The population of Nui from 1860 to 1900 is estimated to be between 250 and 300 people.

Kirisome, was Nui's first and long serving pastor (1865–99).

Robert Waters was an early trader on Nui in the 1850s-1860s. Martin Kleis was the resident trader on Nui in the late 19th century who sold copra to Henderson and Macfarlane.

The photographer Thomas Andrew visited Nui in about 1885–86.

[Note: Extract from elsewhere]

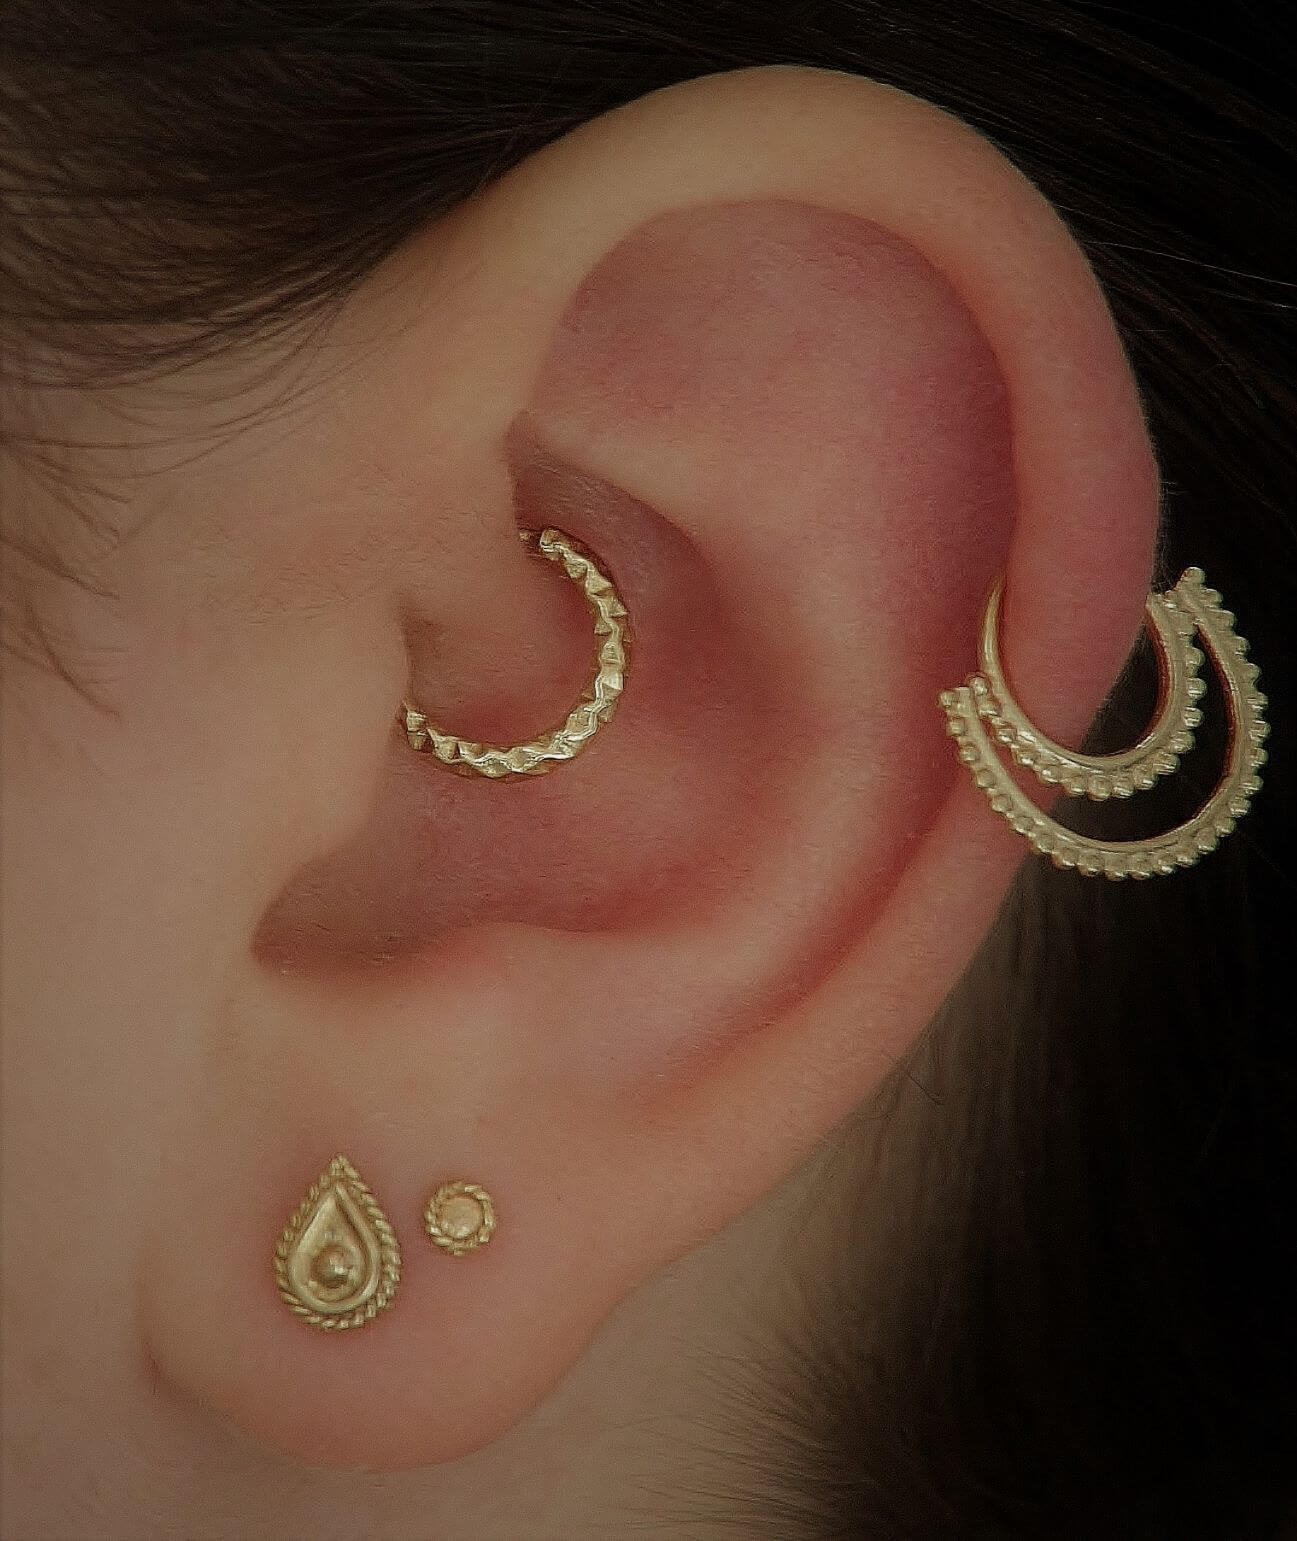 Details more than 153 earring sets for 2 piercings super hot  seveneduvn
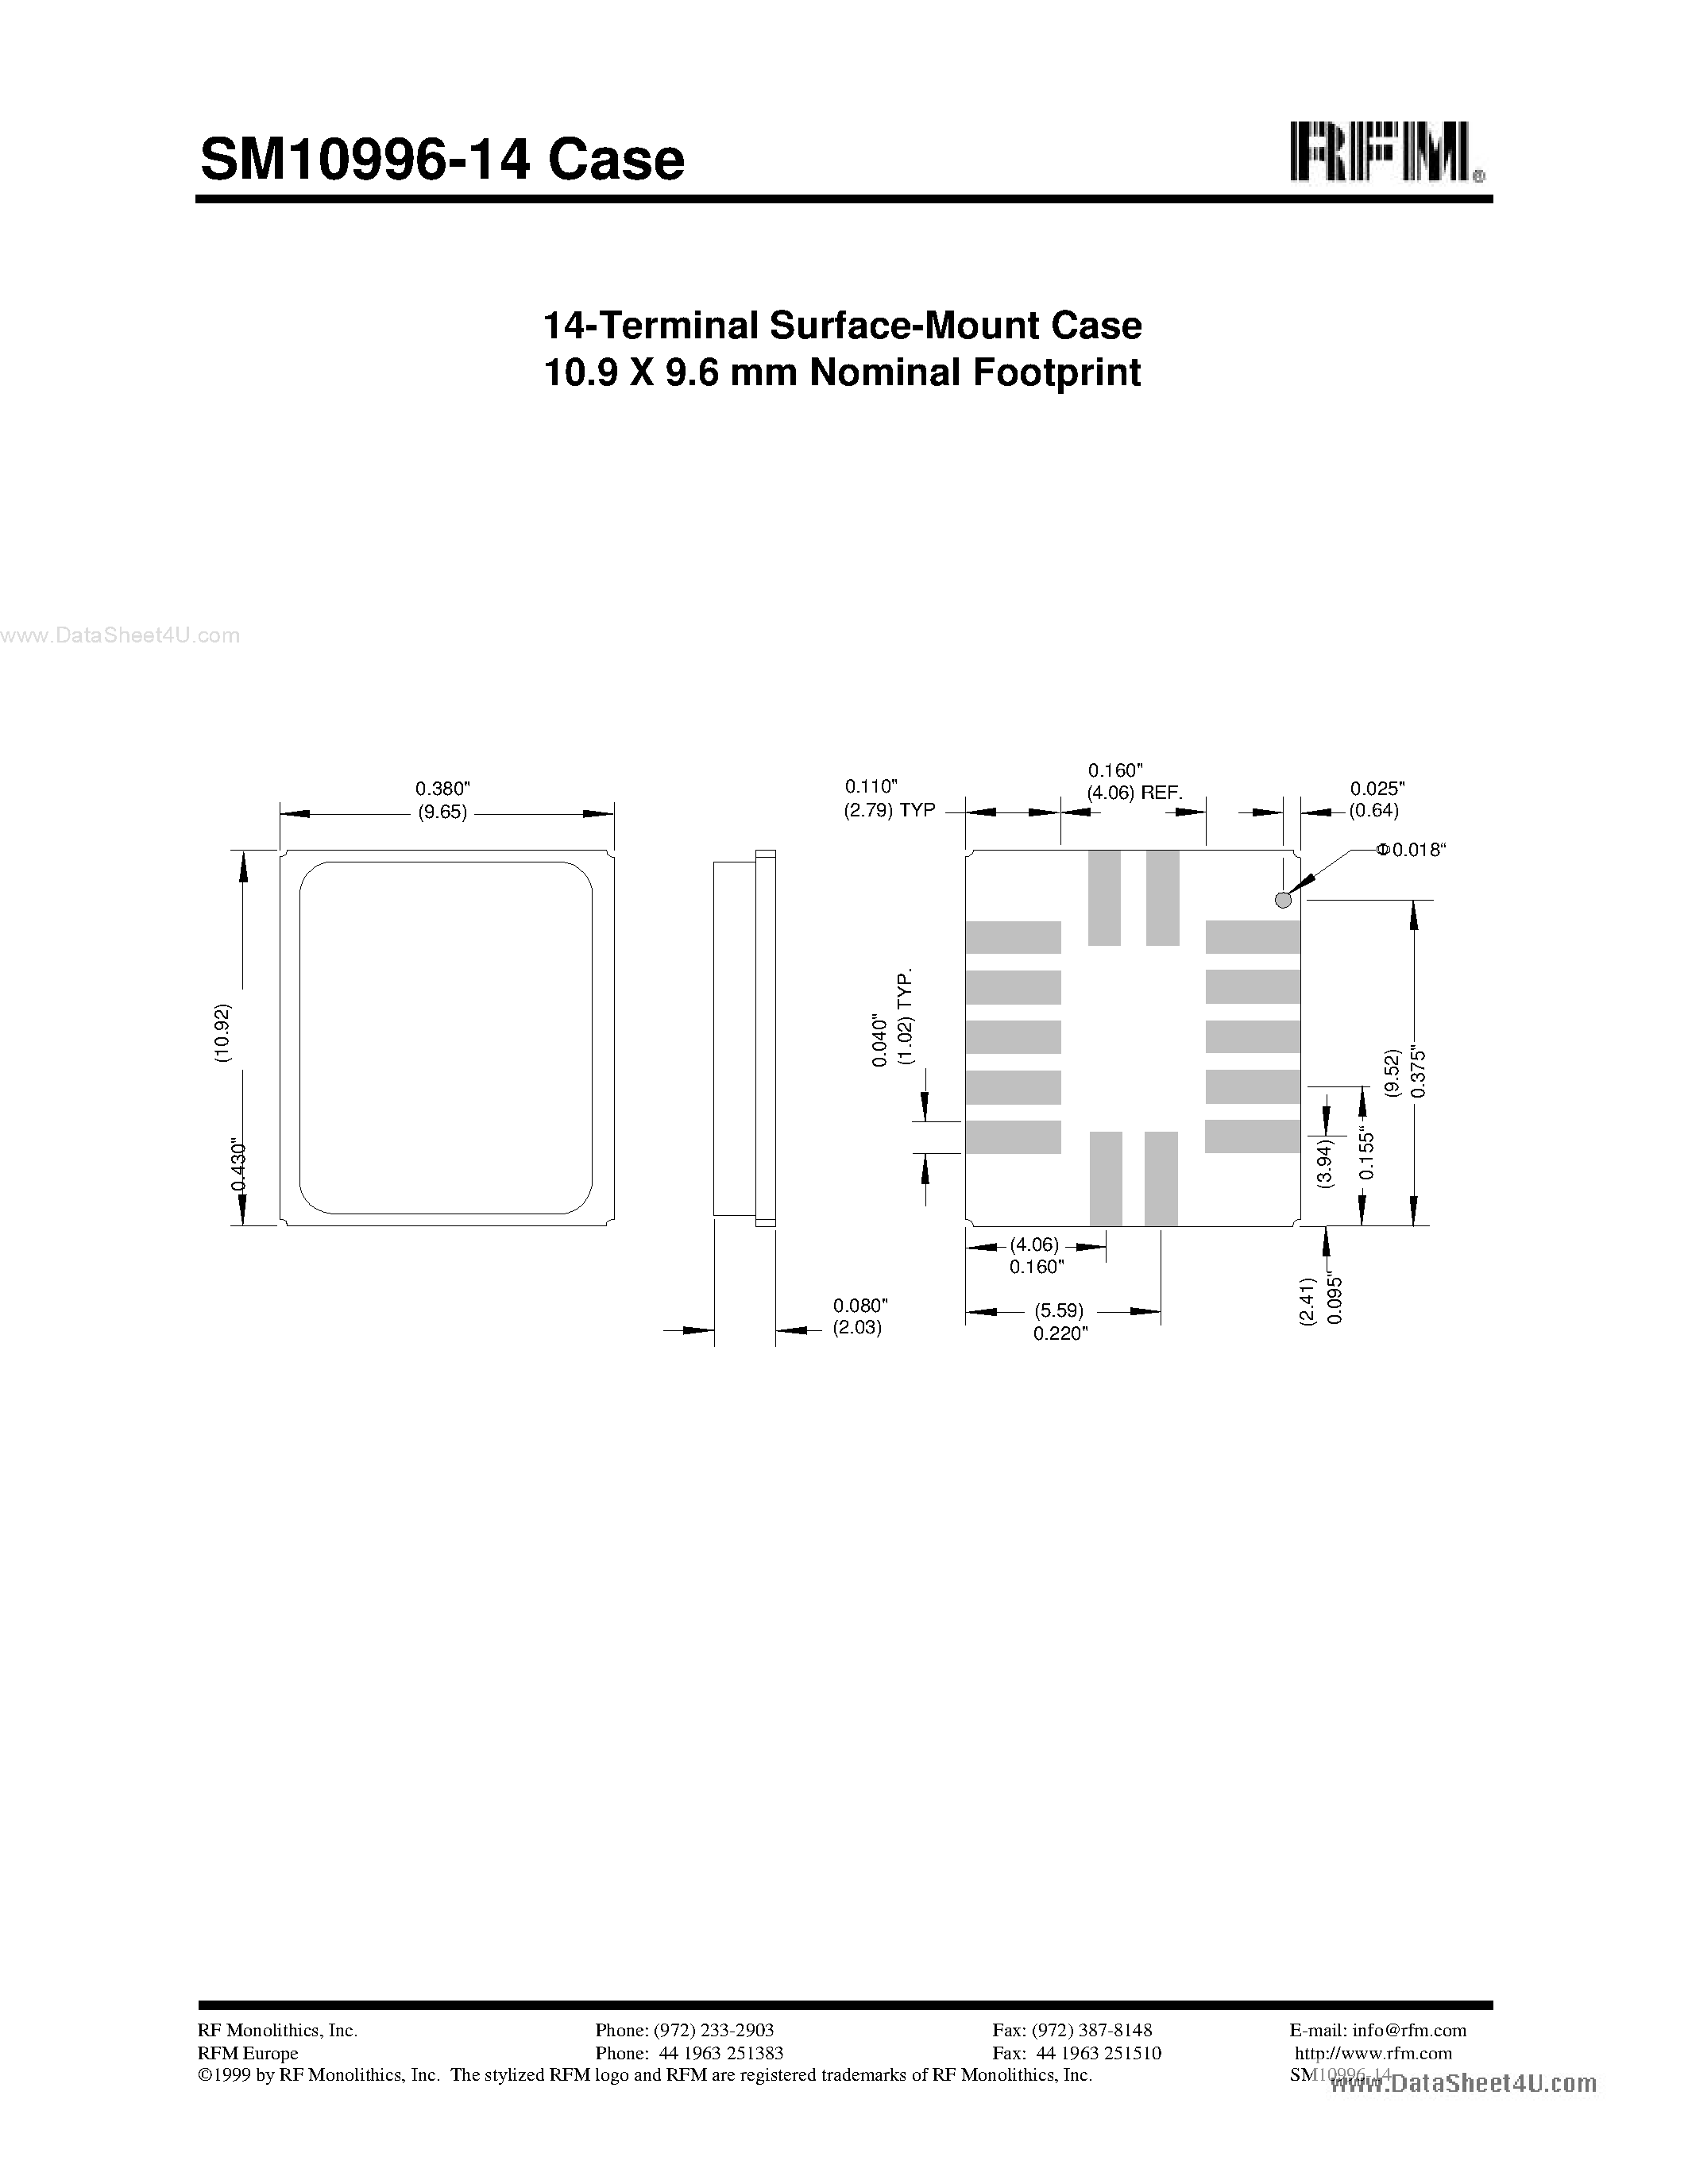 Даташит SM10996-14 - 14-Terminal Surface-Mount Case 10.9 X 9.6 mm Nominal Footprint страница 1

Nui Post Office opened around 1919 and a climate station was established in 1941.

The traditional outrigger canoes (paopao) from Nui were constructed with an indirect type of outrigger attachment and the hull is double-ended, with no distinct bow and stern. These canoes were designed to be sailed over the Nui lagoon. The booms of the outrigger are longer than those found in other designs of canoes from the other islands. This made the Nui canoe more stable when used with a sail than the other designs.

Celebrations are held on Nui on 16 February – Bogin te Ieka (Day of the Flood) – to commemorate the Tsunami that struck the island on that day in 1882.

==Cyclone Pam, March 2015==
Nui was affected by storm surges caused by Cyclone Pam in early March 2015, which caused damage to houses, crops and infrastructure. On 22 March 71 families (40 per cent of the population) of Nui remained displaced and were living in 3 evacuation centres or with other families. The Situation Report published on 30 March reported that Nui suffered the most damage of the three central islands (Nui, Nukufetau and Vaitupu); with Nui suffering the loss of 90% of the crops. Health assessment teams visited Nui and the other islands affected by Cyclone Pam.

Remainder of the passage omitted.